Acquistare al Day One è un diritto, non una colpa

Editoriale Acquistare al Day One un diritto

Nell’editoriale della scorsa settimana abbiamo posto l’accento su una problematica ben nota ai videogiocatori contemporanei, vale a dire l’ormai sdoganato malvezzo di pubblicare sul mercato di titoli incompleti o difettati a prezzo pieno. Nel condividere la preoccupazione per un fenomeno che ha da tempo superato i limiti del comune buon senso, molti lettori hanno dichiarato di non acquistare mai software al Day One per evitare brutte sorprese, finendo talvolta per rifilare un ricco “ben gli sta” a tutti coloro che sono invece soliti portarsi a casa i videogame al giorno del lancio.

Per quanto la strategia prudenziale di cui sopra abbia una sua validissima logica, che si traduce anche in un vantaggio economico, occorre tuttavia distribuire le responsabilità del problema in modo lucido, evitando di attribuire la colpa di questa deriva ai ‘bambini viziati‘ che non saprebbero resistere alle sirene del marketing.

Un equivoco rischioso

Vale la pena di ribadire con forza che chiunque compri un videogame al Day One non faccia altro che esercitare il più che legittimo diritto di acquisire un prodotto ufficialmente lanciato sul mercato e pertanto ritenuto idoneo per la vendita dai rispettivi creatori. Il principio è francamente elementare e abbraccia l’intera sfera del commercio globale: in quale altro settore dell’industria i consumatori dovrebbero del resto attendere settimane oppure mesi per godere appieno di un bene che sia stato già distribuito? Schernire il cliente del Day One equivale, in tal senso, a invertire i ruoli di vittima e colpevole, nonché riservare implicitamente al produttore un’indulgenza che, nella sua posizione, non gli spetterebbe affatto.

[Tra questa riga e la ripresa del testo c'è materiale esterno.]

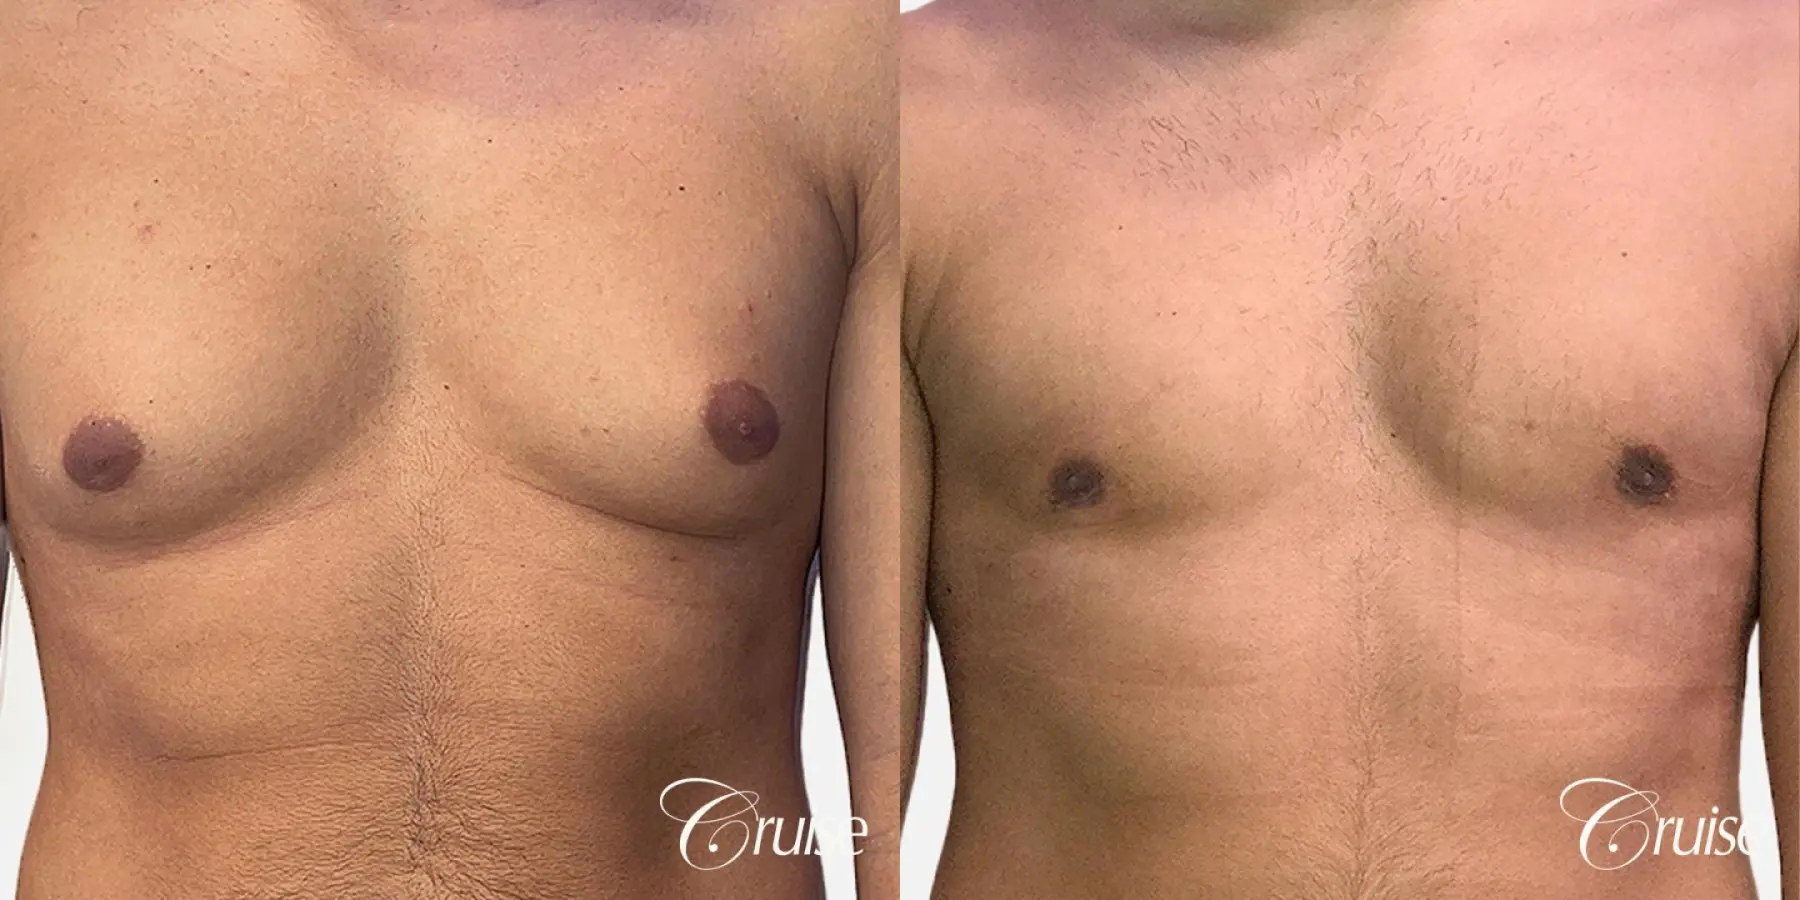 Type 2 Latino Gynecomastia Removal - Before and After 1

A ben vedere, si tratta di una logica trasversale: qualora vi ritrovaste ad acquistare un’automobile difettosa, la responsabilità del danno ricadrebbe sulle vostre spalle o sull’azienda che l’ha messa in commercio senza effettuare i dovuti controlli? Ecco, e c’è persino di più. Nel momento in cui un videogame viene pubblicato a prezzo pieno, l’utente non ha soltanto il sacrosanto diritto di acquistarlo, ma anche e soprattutto la facoltà di pretendere che esso rispetti i parametri qualitativi di un prodotto cui è stato attribuito quel valore. Sminuendo questi due cruciali fattori, si rischia infatti di alimentare un paradosso pericoloso in base al quale diffondere sul mercato merce difettata sia normale ed esigere che funzioni costituisca la vera anomalia.

Back to basics

Alla luce di quanto chiarito, l’onere di ristabilire i princìpi cardinali del rapporto tra consumatore e produttore spetta quasi unicamente a quest’ultimo: piuttosto che indugiare in questo odioso processo di normalizzazione dell’incompiuto, è imperativo rimodulare i piani di sviluppo sulla base di obiettivi e tempistiche credibili, smettendola una buona volta di speculare sul concetto di patch. Quest’ultima deve ritornare a essere uno strumento cui ricorrere in casi estremi e non rappresentare più fattore intrinseco del processo di commercializzazione. A consumatori si chiede, al contempo, di concentrare gli sforzi sulla tutela dei propri diritti, senza andare più in cerca di capri espiatori tra le rispettive fila. Anche se ad oggi il concetto Day One ha ormai assunto una connotazione negativa, forse siamo ancora in tempo per adoperarci affinché esso torni ad essere quel che era sempre stato: un giorno di festa per tutti i videogiocatori, piuttosto che uno squallido spartiacque tra stupidi e furbi.